【Domestic Papers】National University of Defense Technology---Test on the Output Characteristics of Fe-β-Ga₂O₃ Photoconductive Semiconductor Device Toward High-Power Microwave Sources

      Researchers from the National University of Defense Technology have published a dissertation titled "Test on the Output Characteristics of Fe-β-Ga₂O₃ Photoconductive Semiconductor Device Toward High-Power Microwave Sources" in IEEE Transactions on Electron Devices.

Project support

      This work was supported in part by the Key Program of the National Natural Science Foundation of China under Grant 62434010, in part by the National Natural Science Foundation of China under Grant 62101577, and in part by the Natural Science Foundation of Hunan Province under Grant 2025JJ20065.

Background

      Photoconductive semiconductor devices (PCSDs) achieve the conduction and cut-off of the devices through the control of the electrical conductivity of semiconductor materials triggered by lasers. These devices possess advantages such as optoelectronic isolation, rapid response, and high power, making them significantly applicable in the fields of ultrafast electronics, pulsed power, high-power microwave sources, and so on. PSCDs fabricated based on the third-generation semiconductors SiC and GaN have been extensively studied. Among them, the 4H-SiC PCSD can achieve peak power output at the MW level in vertical electrode structure and has a tunable frequency ranging from 0.5 to 10 GHz in planar electrode structure. To further achieve breakthroughs in high-power output, high-frequency response, and high photoelectric conversion efficiency of PCSDs, the research and application of ultra-wide bandgap materials will become one of the main directions for the future research and development of PCSDs. Currently, representative ultra-wide bandgap materials such as Ga₂O₃ possess a wide bandgap (E_g = 4.7–4.9 eV), a high dielectric constant, and a high critical breakdown electric field (8 MV/cm) compared with 4H-SiC. Meanwhile, in terms of the manufacturing process, Ga₂O₃ crystals can be grown by the mature melting method. Compared with diamond which has a similar breakdown electric field (10 MV/cm), Ga₂O₃ is expected to have a lower cost. Therefore, the performance of Ga₂O₃ PCSD has the potential for low cost, high voltage withstand capability, and high power. Moreover, among the five crystal systems of Ga₂O₃, β-Ga₂O₃ has the most stable performance. Crystals doped with low-valence Fe elements can also obtain high-resistance β-Ga₂O₃. Consequently, to fully utilize the material advantages of β-Ga₂O₃, we have fabricated the vertically-facing electrode Fe-β-Ga₂O₃ PCSD.

Abstract

      We focus on the Fe-β-Ga₂O₃ photoconductive semiconductor device (PCSD) for high-power microwave source applications. We tested and analyzed the output characteristics of this device, including its dark-state resistance (10¹³Ω), dark-state withstand voltage (31.6 kV), photoconductive output, and high-frequency response. When irradiated by single-pulse lasers at 532 and 1064 nm, both with a full-width at half-maximum (FWHM) of 10 ns, the Fe-β-Ga₂O₃ PCSD operates in a linear mode. The peak voltage output under 532 nm laser irradiation is 18 times that under 1064-nm laser irradiation. However, its photoresponsivity is relatively low, with the highest value only reaching the order of 10^-7 A/W. Under the irradiation of 532 nm continuous laser pulses with a base width of 30 ns at different modulation frequencies ranging from 0.4 to 1.2 GHz, the modulation depth of the Fe-β-Ga₂O₃ PCSD is above 90%. To further enhance the photoresponsivity, we carried out simulation-based optimizations on internal and external quantum efficiency. As a result, the photoresponsivity was increased by 6.97 times and 2.69 times, respectively.

Conclusion

      A vertically-electrode-configured Fe-β-Ga₂O₃ PCSD device was designed and tested to evaluate its output performance.
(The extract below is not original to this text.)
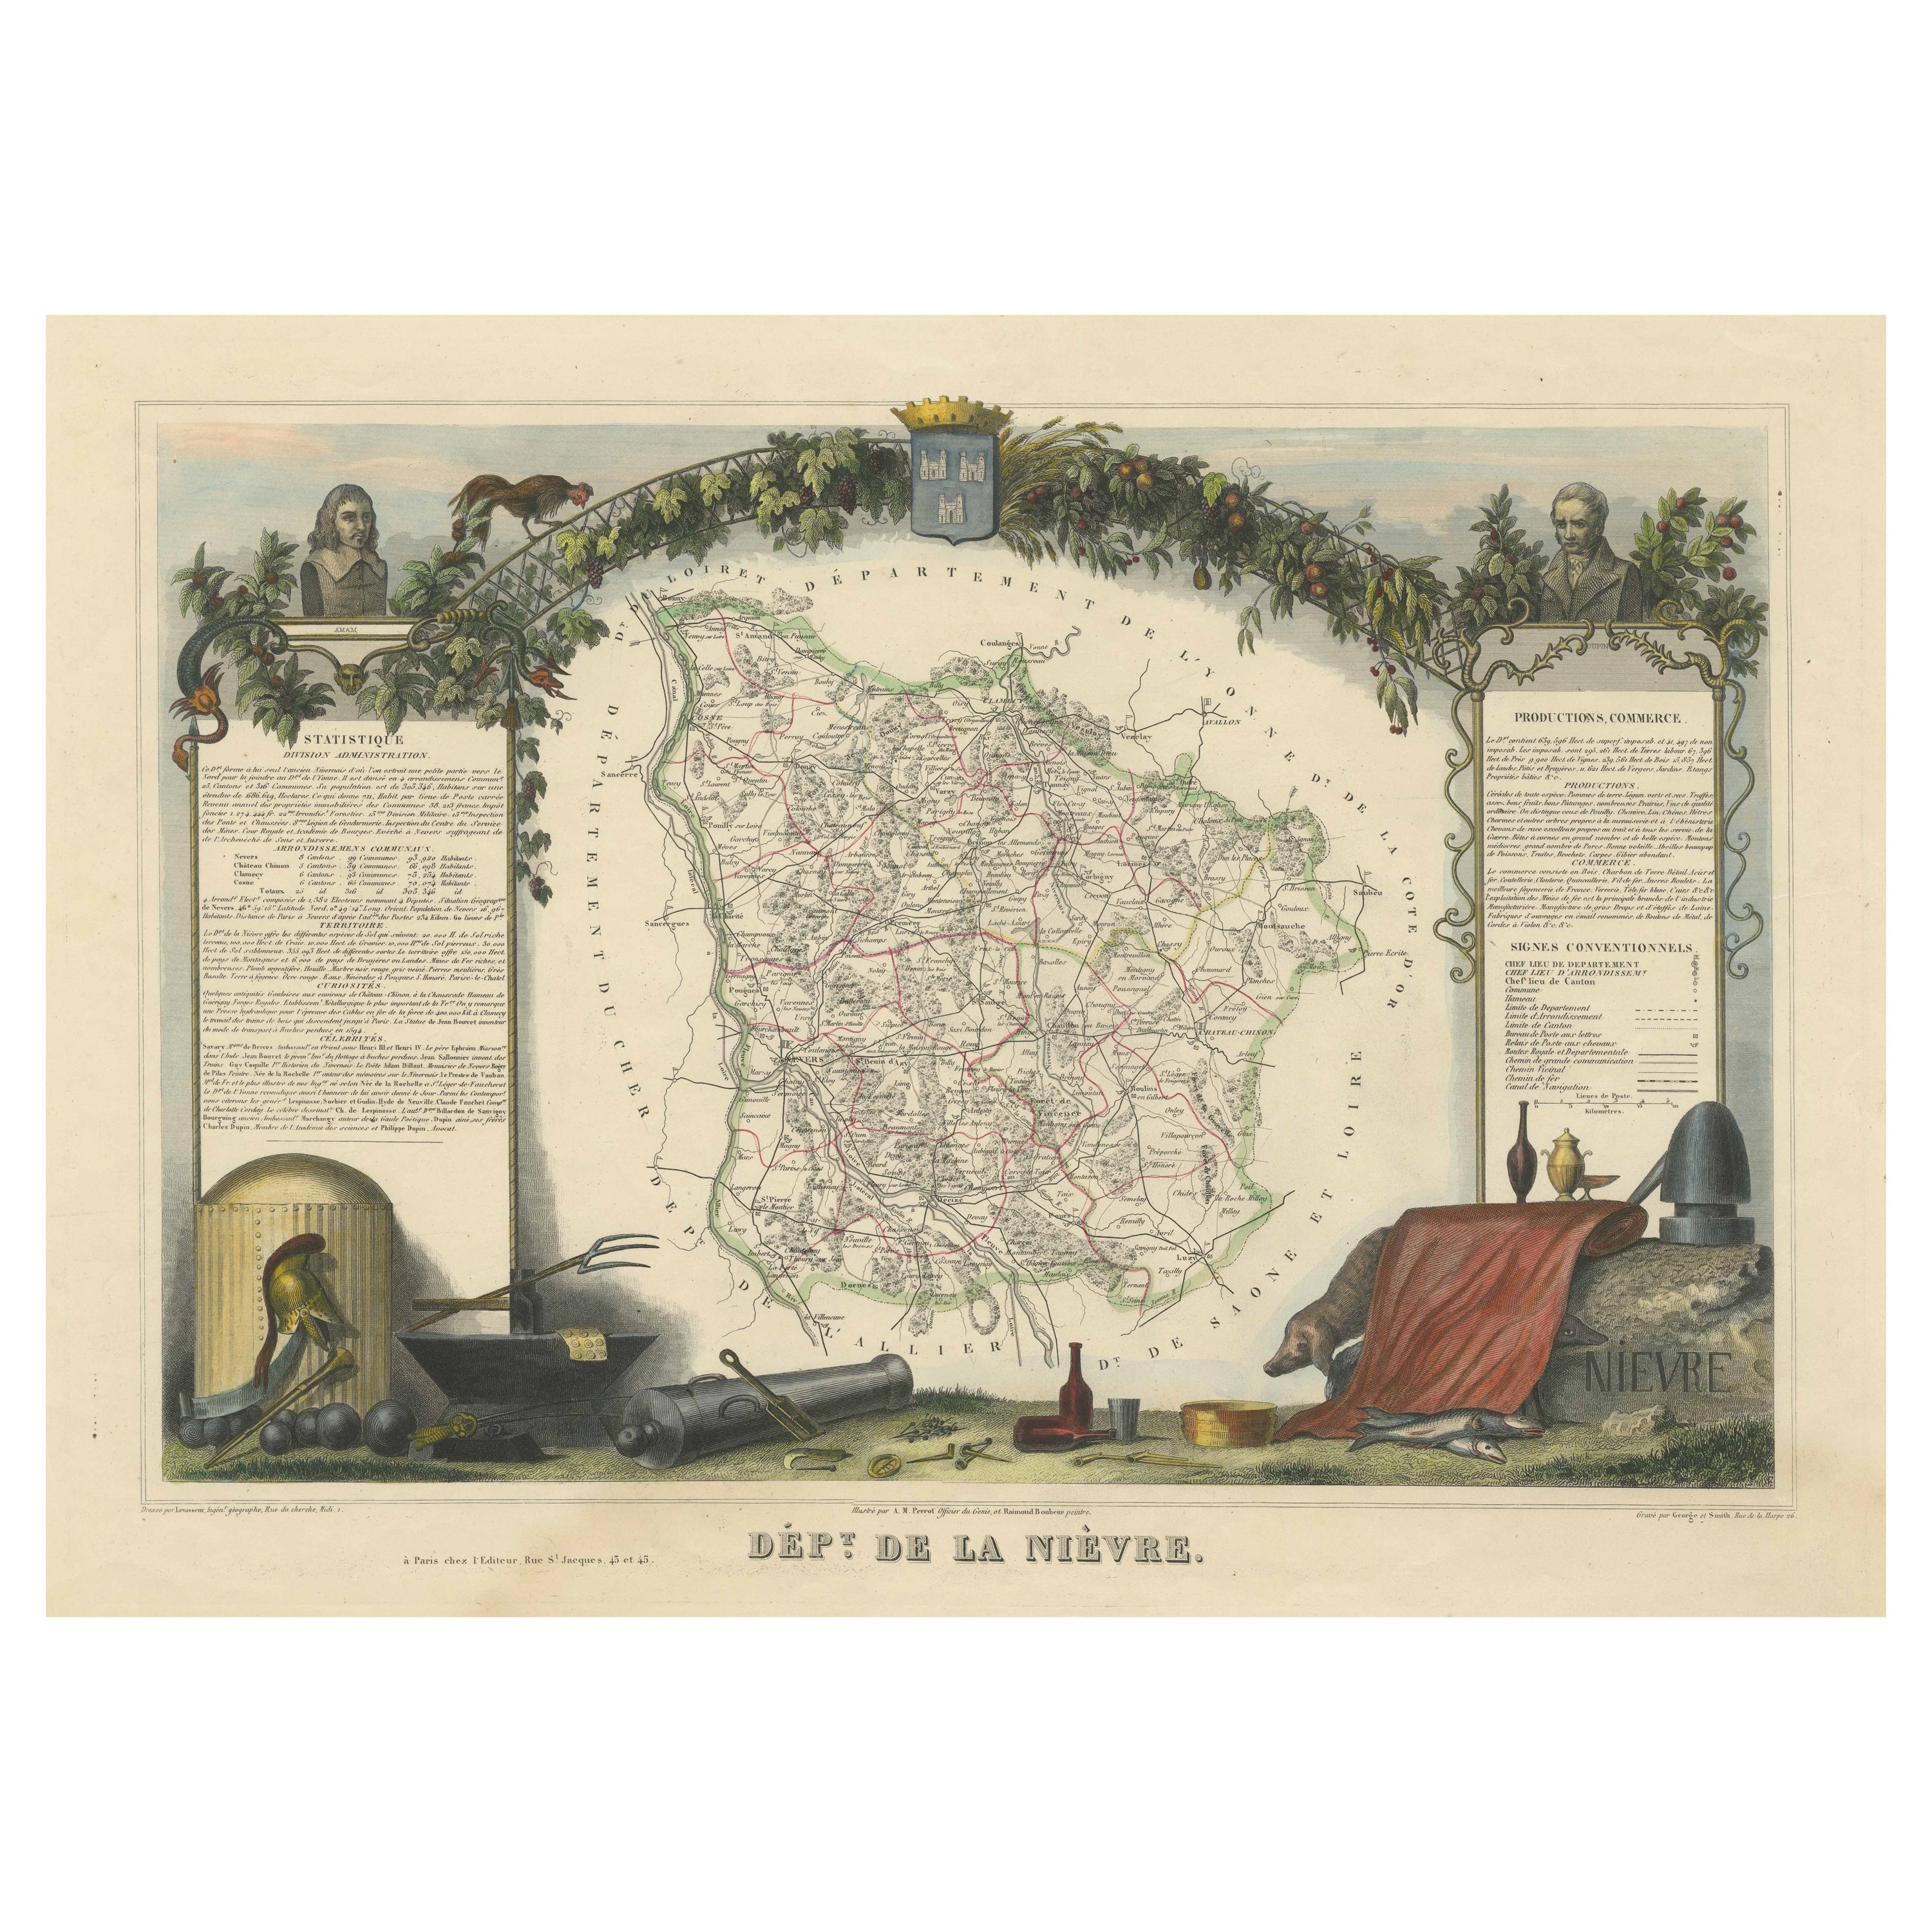 Old Map of the French Department of Nièvre, France For Sale

      1) Thanks to the wide bandgap of gallium oxide, the Fe-β-Ga₂O₃ PCSD can withstand a dark voltage of 31.5 kV. The field concentration effect at the triple junction of the device leads to bulk breakdown at the edges of the electrodes.

      2) Based on single-pulse test results, a model was established to describe the relationship between the internal mobility and photogenerated carrier concentration of the device and the electric field and laser energy. This model confirmed the single-photon linear absorption behavior of the device under 1064 and 532 nm laser triggering.

      3) In addition, the device demonstrates a modulation depth of over 90% for microwaves at 1.2 GHz.

      In future work, we will consider using lasers with shorter wavelengths to test the optoelectronic response of the device and focus on optimizing the doping concentration of Fe-β-Ga₂O₃ PCSD and the reflective optical path, thereby laying the foundation for achieving higher output power and higher response frequencies in Fe-β-Ga₂O₃ PCSD.